-- Available data follows --

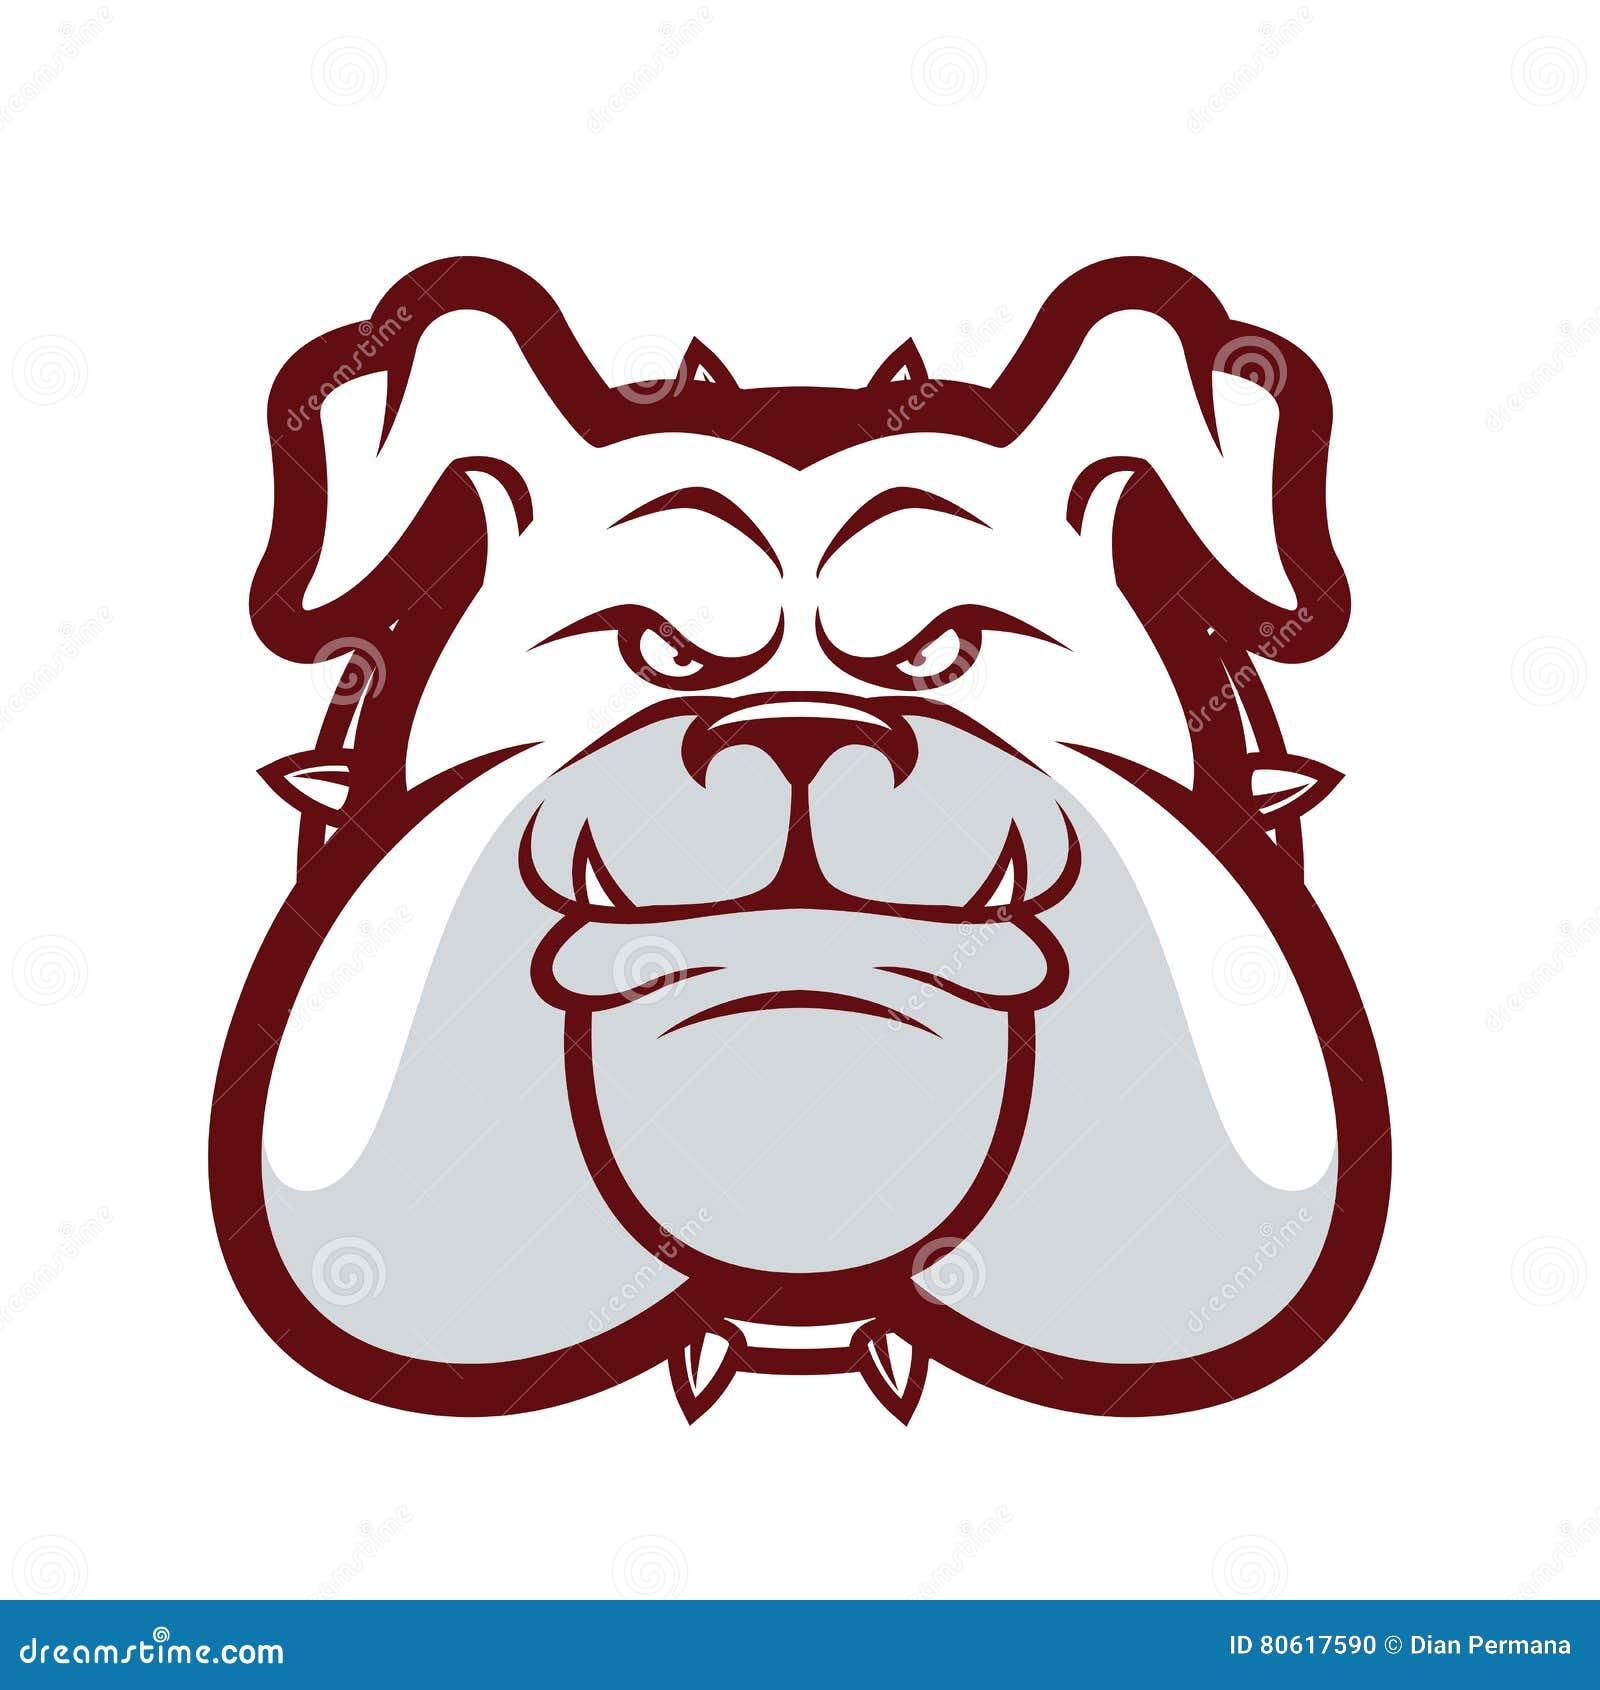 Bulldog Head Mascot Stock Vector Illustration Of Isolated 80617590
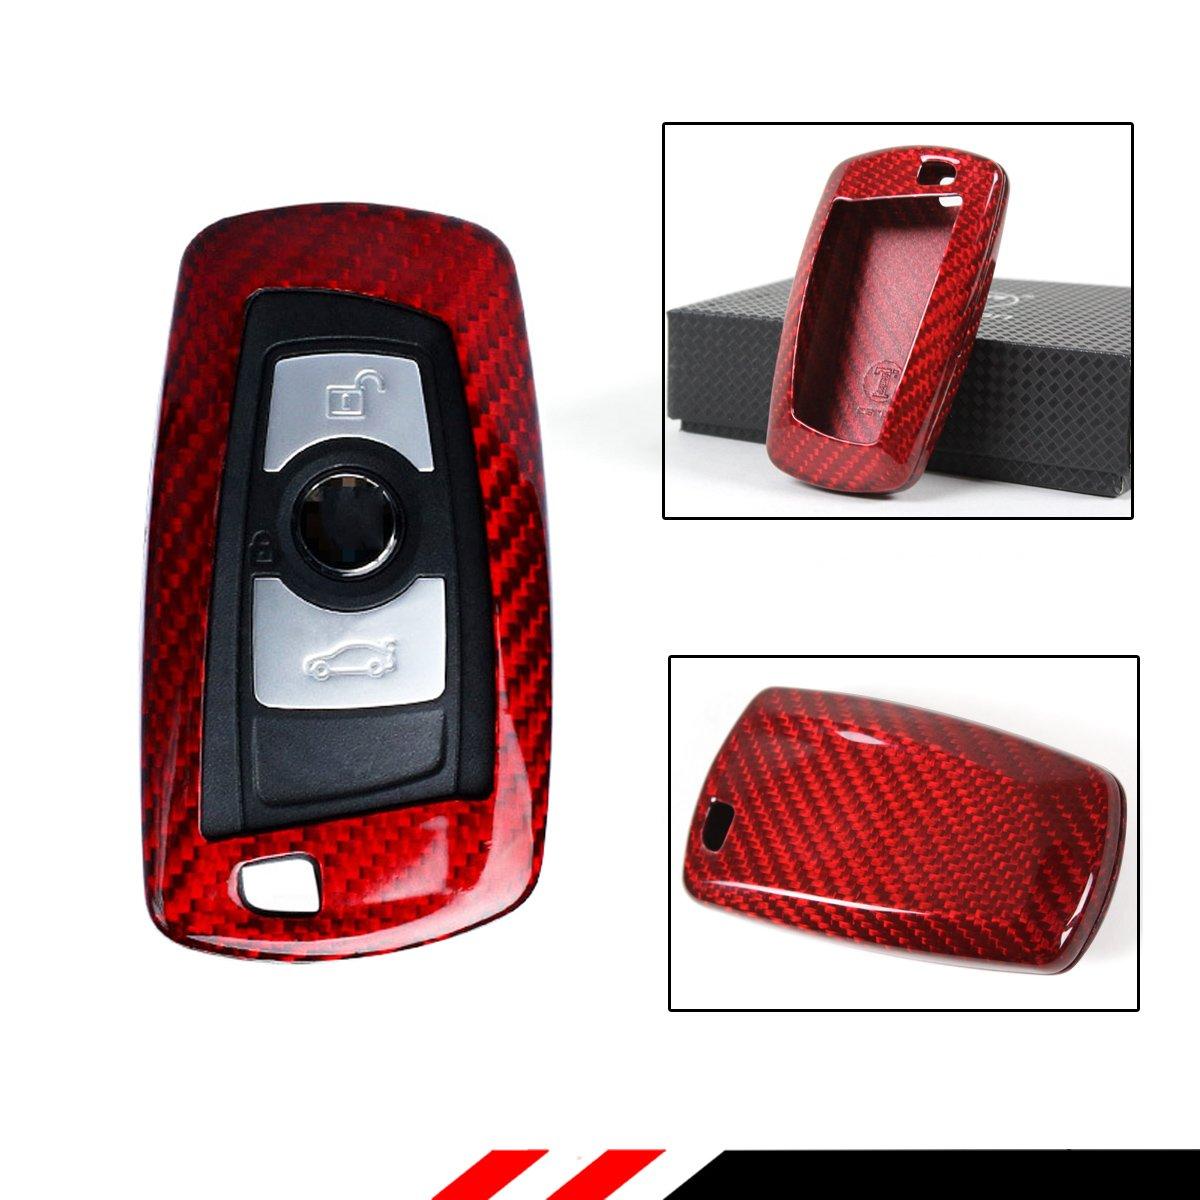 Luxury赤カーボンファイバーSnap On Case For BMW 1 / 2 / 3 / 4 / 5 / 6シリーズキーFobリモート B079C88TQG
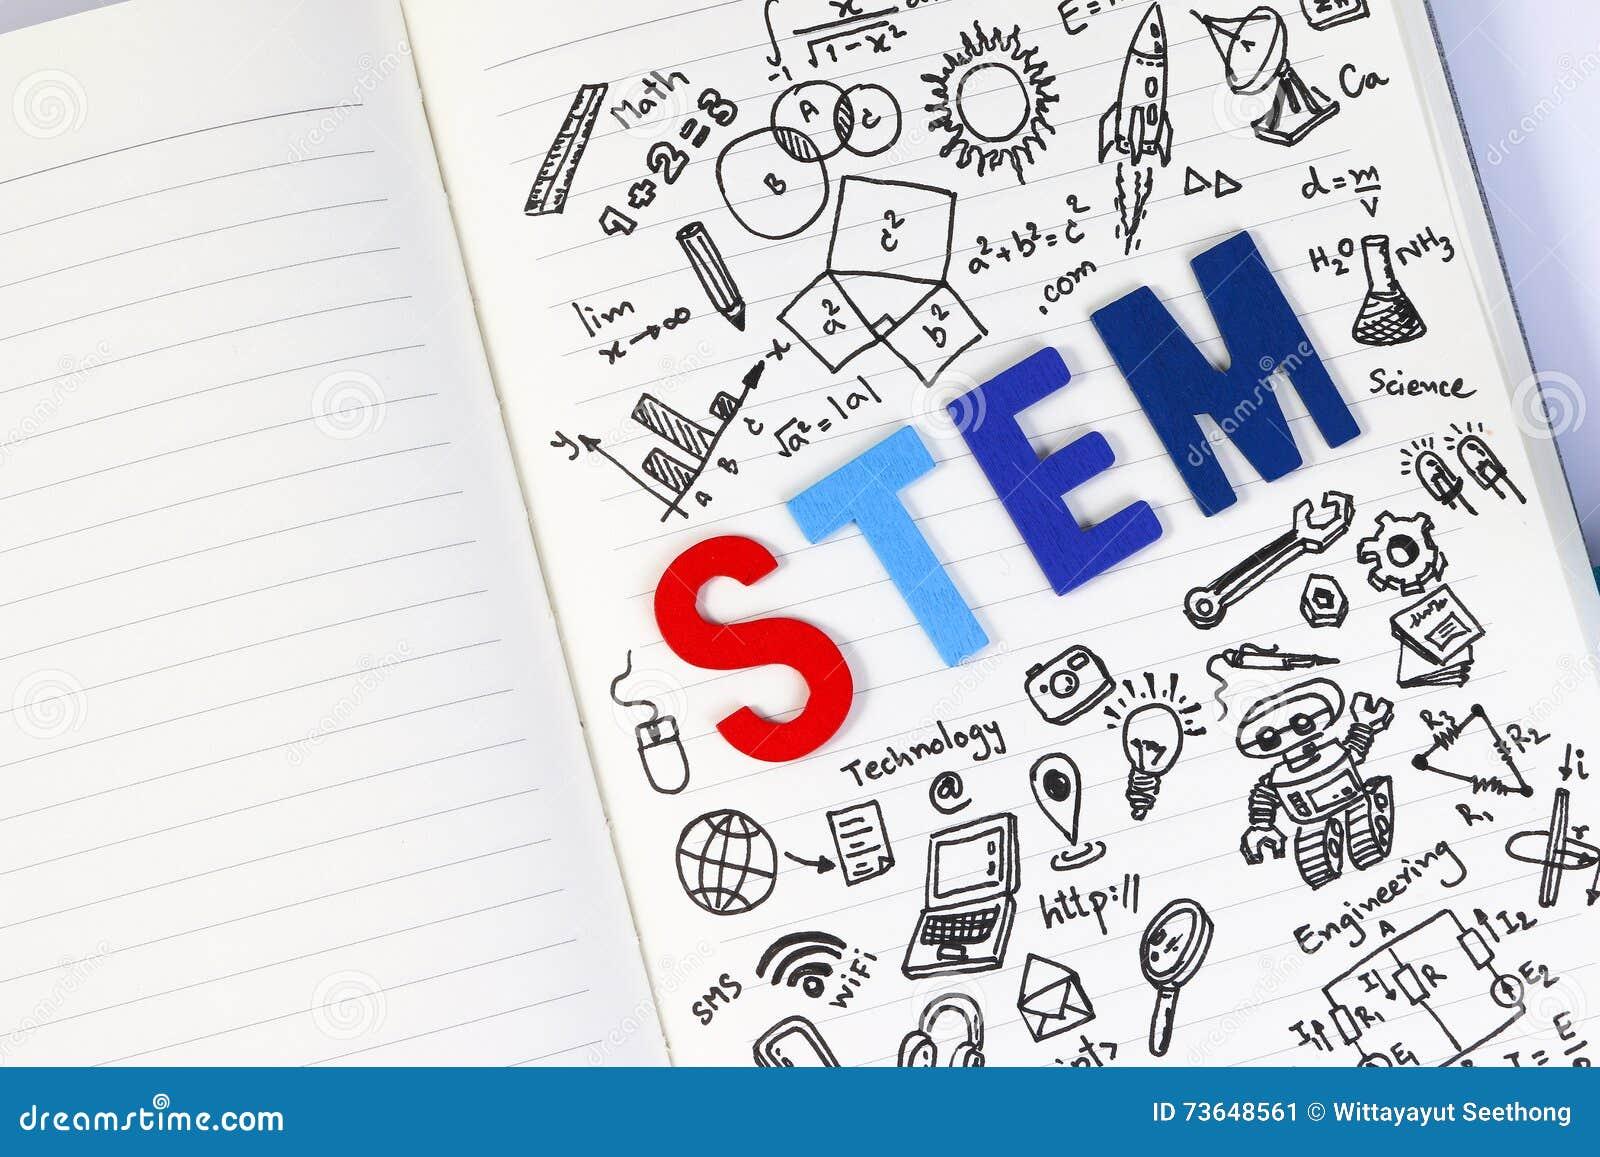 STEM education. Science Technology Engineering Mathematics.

-- Available data concluded --

Required action:
Return the listing unchanged, but drop every picture.

Reply:
 Bulldog Head Mascot Stock Vector Illustration Of Isolated 80617590
 Luxury赤カーボンファイバーSnap On Case For BMW 1 / 2 / 3 / 4 / 5 / 6シリーズキーFobリモート B079C88TQG
 STEM education. Science Technology Engineering Mathematics.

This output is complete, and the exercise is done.